Second, there is the assumption that having been raised among educated people has robbed Stewart of the ability to understand people who are not like him.

Finally comes the assumption that there are two and only two sides to everything, and that it is some sort of law of nature that the two sides are exactly equal and opposite.

Together, they form a closed mental system – I will not call it intellectual, because it sorts without evaluating – that provides poor people with the means to oppress themselves and the media with an excuse to keep hurting America.

There is nothing condescending to the credo I was taught that “all work has dignity,” although the frequent obiter dictum, “even ditch-digging,” carries both a warning against class prejudice and an assumption of one. Sanchez is the one carrying the heavy class prejudice here. Funny because, of course, it is only his own education which put him in the chair at CNN where, presumably, he felt he did some work.

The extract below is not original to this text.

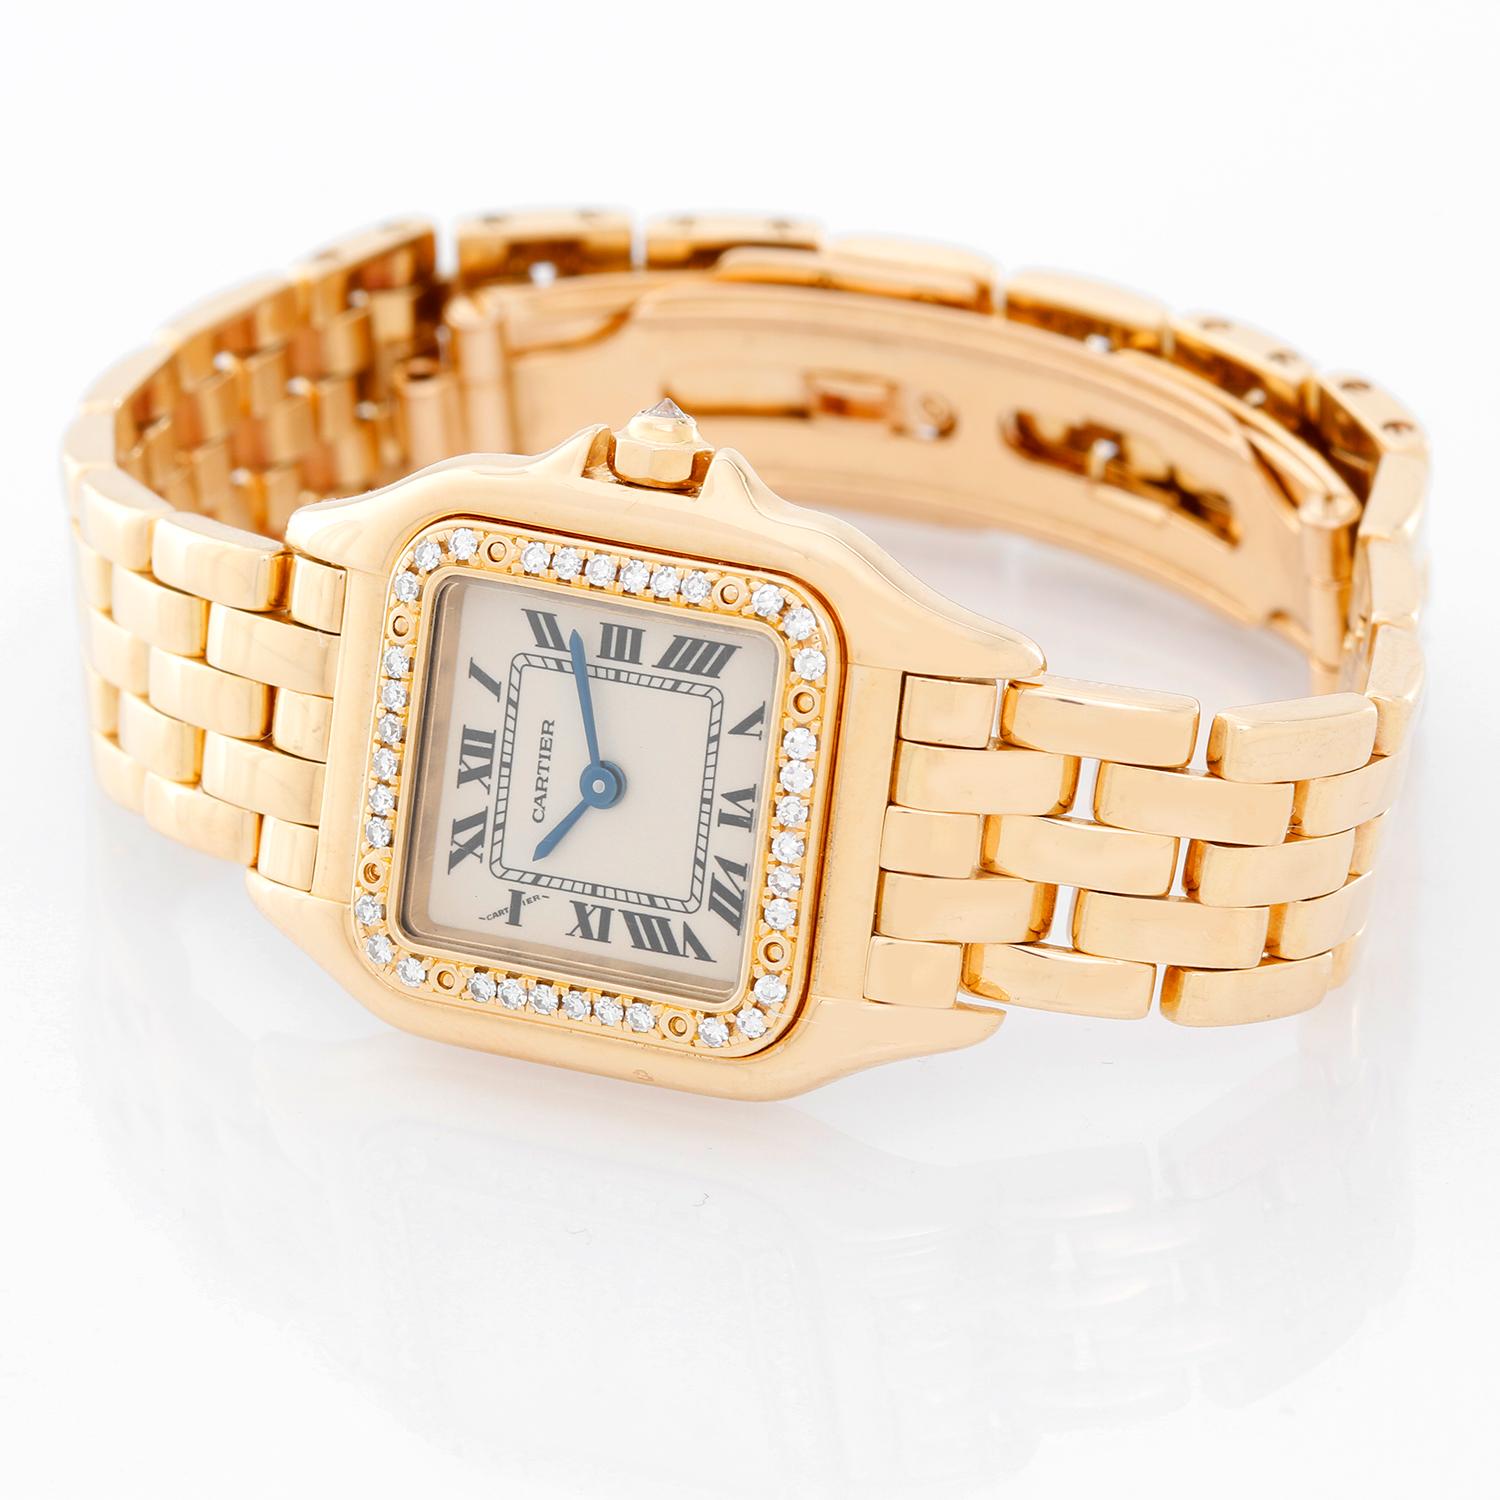 Cartier Panther Ladies 18k Yellow Gold Diamond Watch - Quartz. 18k yellow gold case with factory diamond bezel (21mm x 30mm). Ivory colored dial with black Roman numerals. 18k yellow gold Panther bracelet. Pre-owned with Cartier box and book.

Less well-educated people have probably always salved their sense of inferiority by believing that intellectuals may have knowledge, but lack common sense. Think of George Wallace and his remark about “pointy-headed intellectuals who cain’t park a bicycle straight.” But Sanchez and his ilk have transformed this relatively harmless palliative: education is no longer just a sign of possible dearth of common sense, it is now a guarantee of the inability to understand anything.

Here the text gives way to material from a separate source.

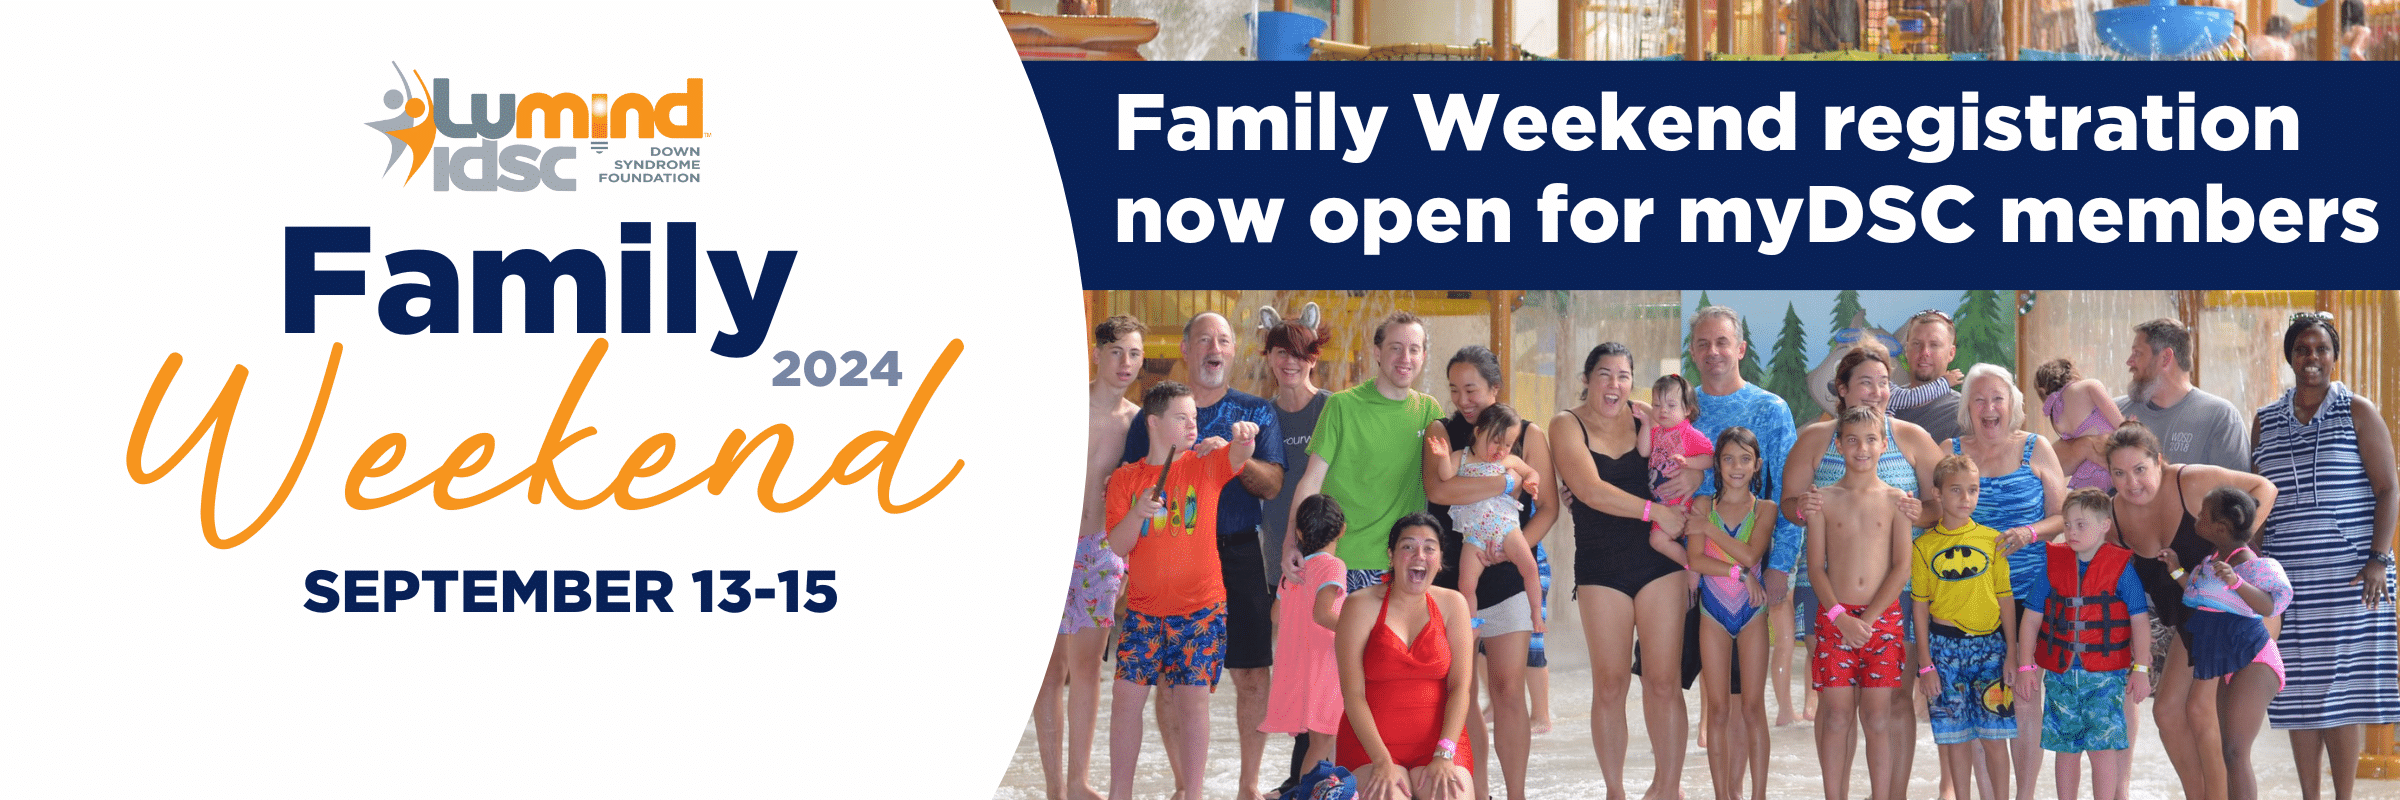 Family weekend is September 13-15 at Great Wolf Lodge

Anti-intellectualism has become widespread among uneducated people in America, and feeds right-wing foolishness. When Congressman Paul Broun says that “human induced global climate change is one of the greatest hoaxes perpetrated out of the scientific community,” uneducated people nod sagely. ‘Yes’, they say to themselves, ‘those scientists are constantly trying to hoax me, but I’m too smart for them.’

Sanchez and Broun exemplify the result of the commodification and professionalization of education in America. It used to be that a citizen acquired a liberal education – in any subject, whether physics or English literature – in order to learn how to understand anything and everything better, using one particular subject matter. From the ability to reproduce and measure an hypothesis under experimental conditions to analyzing and evaluating the weight of the evidence, we learned good old Anglo-American empiricism. From this ability to think, one could go on to become a better teacher, writer, business manager, administrator or journalist. In other words, education gave you the ability to ask any question and the tools with which to answer it.

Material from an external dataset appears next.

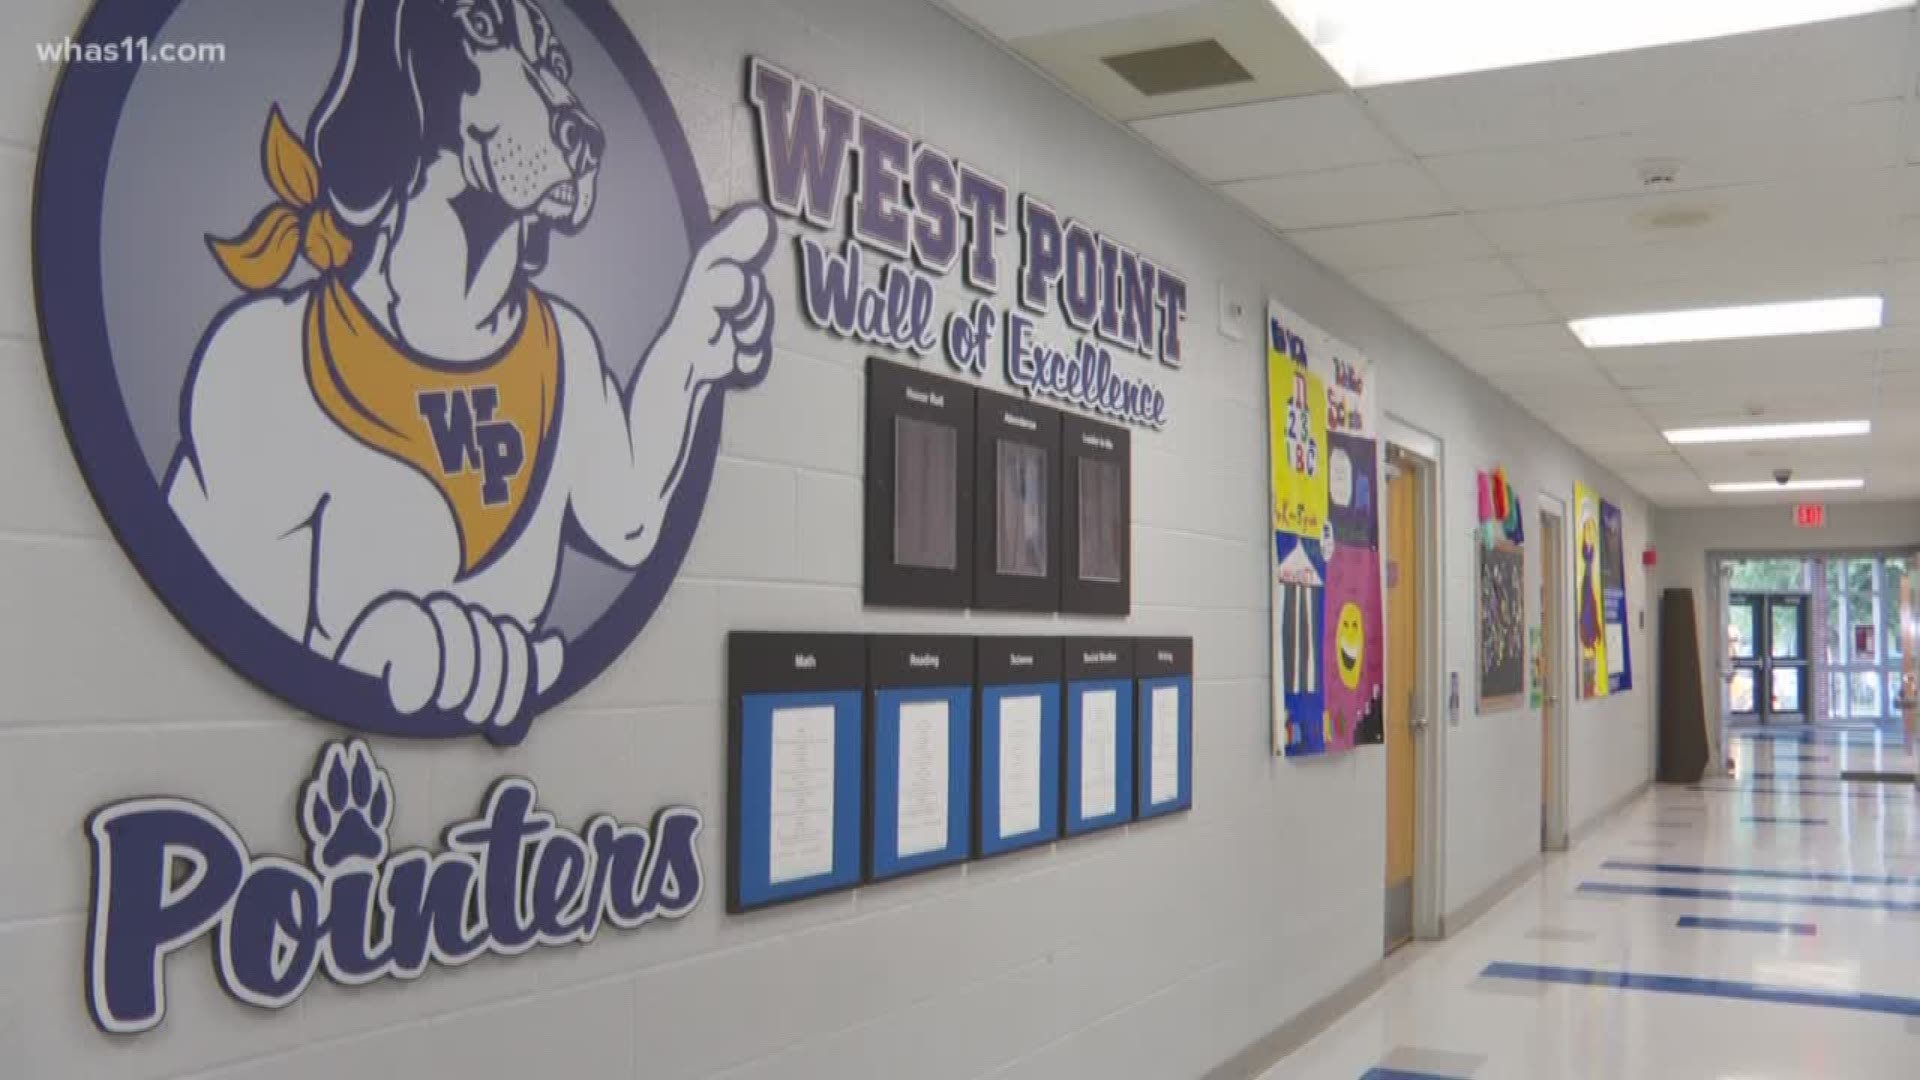 A small school district not far from Louisville is facing the possibility of a state takeover after an audit found several issues.

Not anymore. Education is to get you a well-paid job, period. Do English lit majors get paid a lot? No? Well, then you’re stupid to study it. How about physicists? Not really? Dummy. And so, as a stupid dummy who went to college, your education actually proves that you understand less than uneducated people. The cold fact is that everyone is just out for themselves, so of course scientists – and for all I know, English lit majors – are always trying to perpetrate hoaxes which will make them rich. It’s just obvious.

Facts have become a matter of belief. ‘Some people believe the world is round, some don’t. So I guess we’ll never know.’ Journalists were always at the low end of the empirical scale: find two independent sources who say it’s so and write it up before the deadline. But now, they have fallen completely off the scale. Sanchez’ belief that, ‘If we’re gonna call one side something, we probably gotta look at the other side and say the same thing,’ expresses a belief and today’s journalistic professional credo, not a fact based in anything beyond faith. He wants to succeed as a journalist. He doesn’t give a damn about keeping citizens informed of their interests in a democratic republic. All that’s cool with his fellow journalists. He just should have left the Jews out of it.